Montage is sequence without deep structure (in Chomsky's sense), and while it can never replace language as some may have hoped, it can still outdistance it--either permanently, when sensations remain only sensations; or temporarily, when language extends to grasp something not previously clinched. This movement of language, through time, is the metaphor of narrative.

Today film theory has been wounded by its loss of equal status with language, and film practice mostly reduced to repeating previous strategies. At a recent (March 1989) National Alliance of Media Arts Council conference in Rochester, most of the discussion centered around how the marginalized could gain access to large enough batches of money and power to enable them to make cinema that would be distributed over network television. It seems that since pursuit of language has become an academic activity, the only other choice open is to embrace the bureaucracy of power, and wrest if from the controlling interests. Imagination is stagnant. Film is framed.

THE PHOENIX NEST

While film has been stagnating, computing has effortlessly propagated many new forms. One form which is important for the advancement of personal cinema is the BBS, or electronic bulletin board.

There are thousands of bulletin boards thoughout the United States and the world today. The bulletin board is usually a small computer that runs one program: a communications program that allows other computers to call over phone lines to read and leave messages. Most often the program arranges its communications in the form of a tree. Roots begin when someone starts a "conference" by writing a note or a question to which someone else may respond. Someone else calls up, reads the note, and then responds it. The response is listed under the original note, leaving a conference with two entries. Someone else may read those two entries, and append a third to the end. This continues over days, months, and/or years, with a discourse growing as it is recorded and published; no editors; no distinction between contributor and critic; no time delay in distribution, it is available as it is written. This open-ended format has much in common with the forgotten goals of experimental cinema, but it presently awaits the arrival of CASUAL MULTIMEDIA.

CINEMA IN A NEW LIGHT

Living Cinema has as its goal a system that allows me to make cinema as effortlessly and quickly as I write a personal letter to a friend. In fact, sometimes instead of writing I now make videotapes recorded directly from the output of Living Cinema. But this system, designed as it is for aesthetic experiment, could be pared down to deliver a more basic set of options that would be faster and easier to use. In two years, with the hardware that is already showing up, cinematoGRAPHy could be available as a standard mode of communication, distributed through video cassettes.

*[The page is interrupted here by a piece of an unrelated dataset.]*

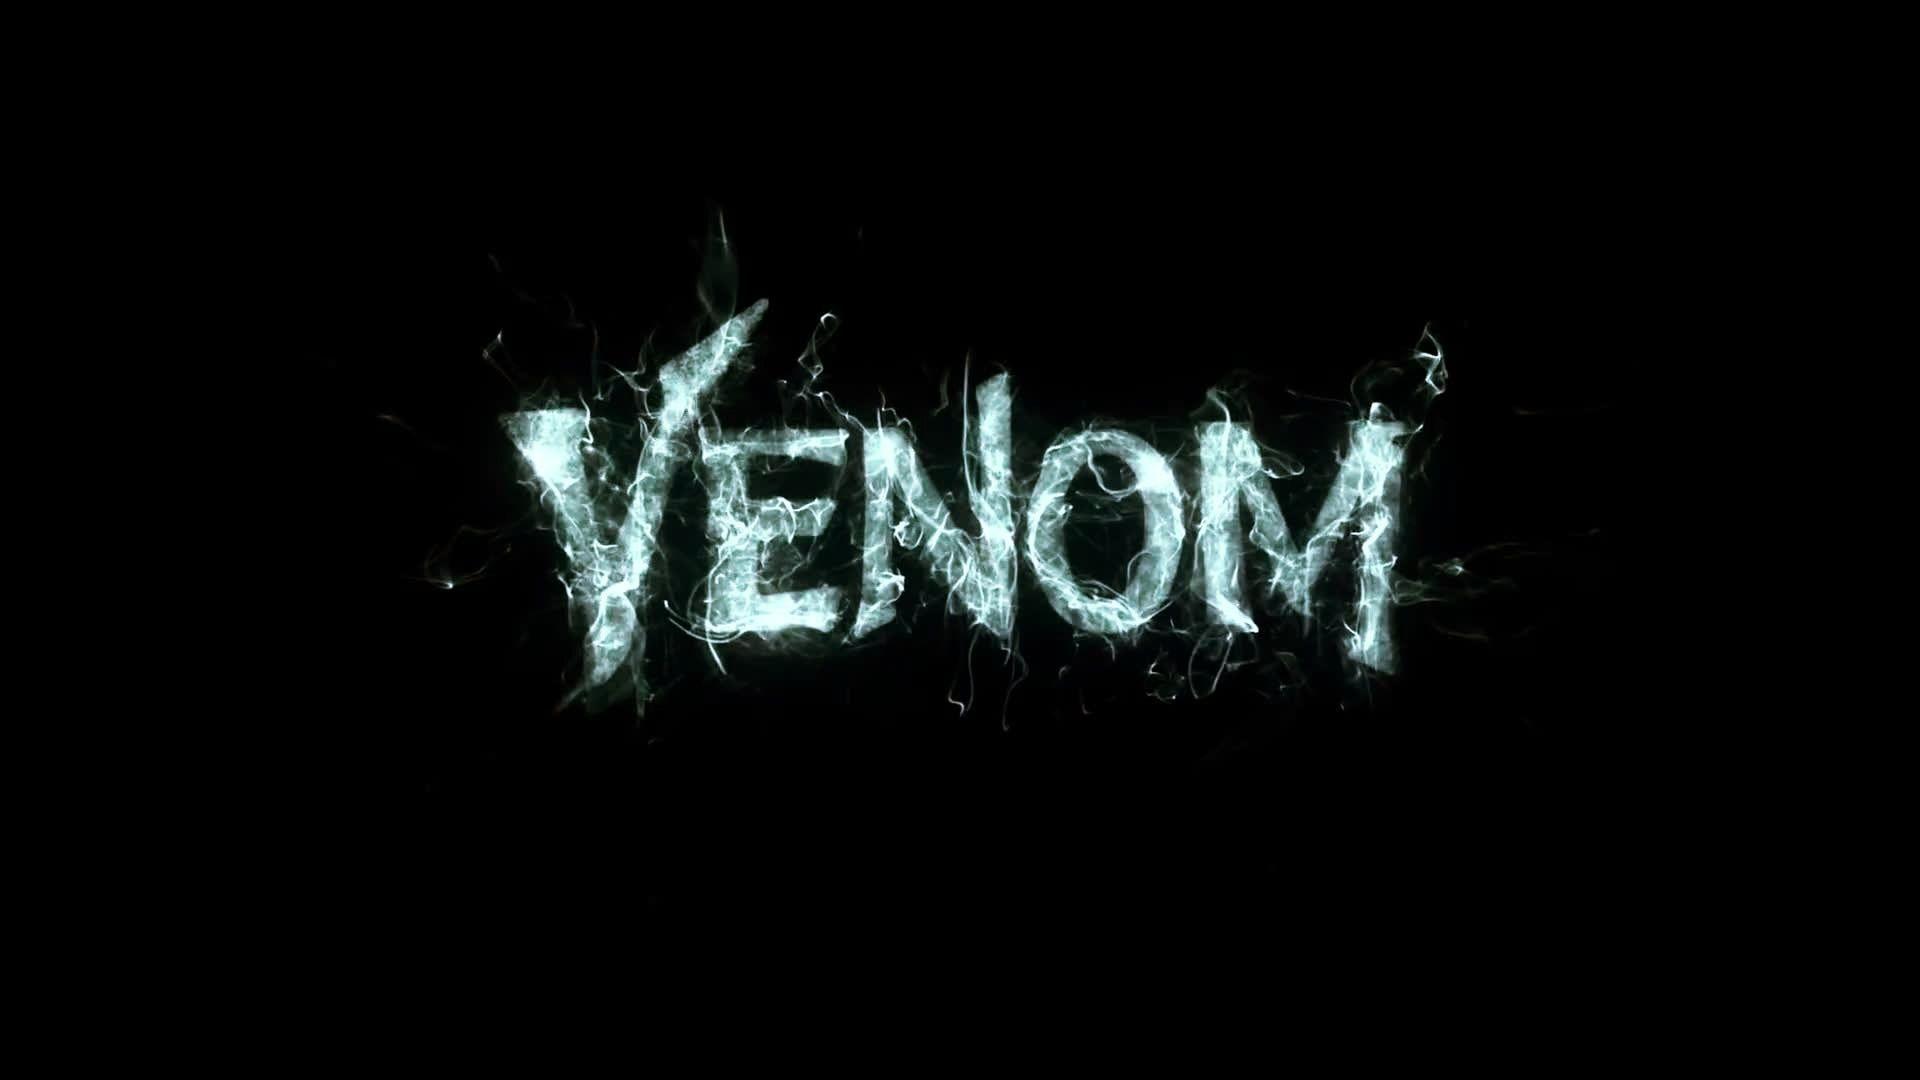 Venom Movie Wallpapers Top Free Venom Movie Backgrounds

But there are other technologies now available for development: with at least two--DVI from Intel and UVC's systems--offering real-time analog-to-digital conversion and compression of RGB and NTSC video and audio signals. As compression ratios improve and transfer times shrink, Living Cinema will come to fruition as its rightful heir to experimental cinema form, as full motion and audio BS's spring up around the world. These will provide freedom from the centralized archive approach offered by the present-day networks and PBS. They will also free us from the currently vogue model which gives viewers using their multimedia reception equipment only the power to choose to consume more information than presently available (for instance, by using a hand-held controller to ask for stats on a quarterback in the game now on TV in front of the viewer).

The decentralized Multimedia BBSs will introduce cinema as montage/discourse in a way even Eisenstein could not foresee. Short 30-second pieces composed for its place in a local discourse, juxtaposed with those by other cinematoGRAPHers, in intellectual montage-trees. This is personal cinema; experimental, social, and decentralized. In this is CASUAL MULTIMEDIA even the epic nature of CINEMA ART is bypassed with the ease and frequency of creation, distribution and rejoinder, as montage sequence receives its place in the discourse of its virtual community.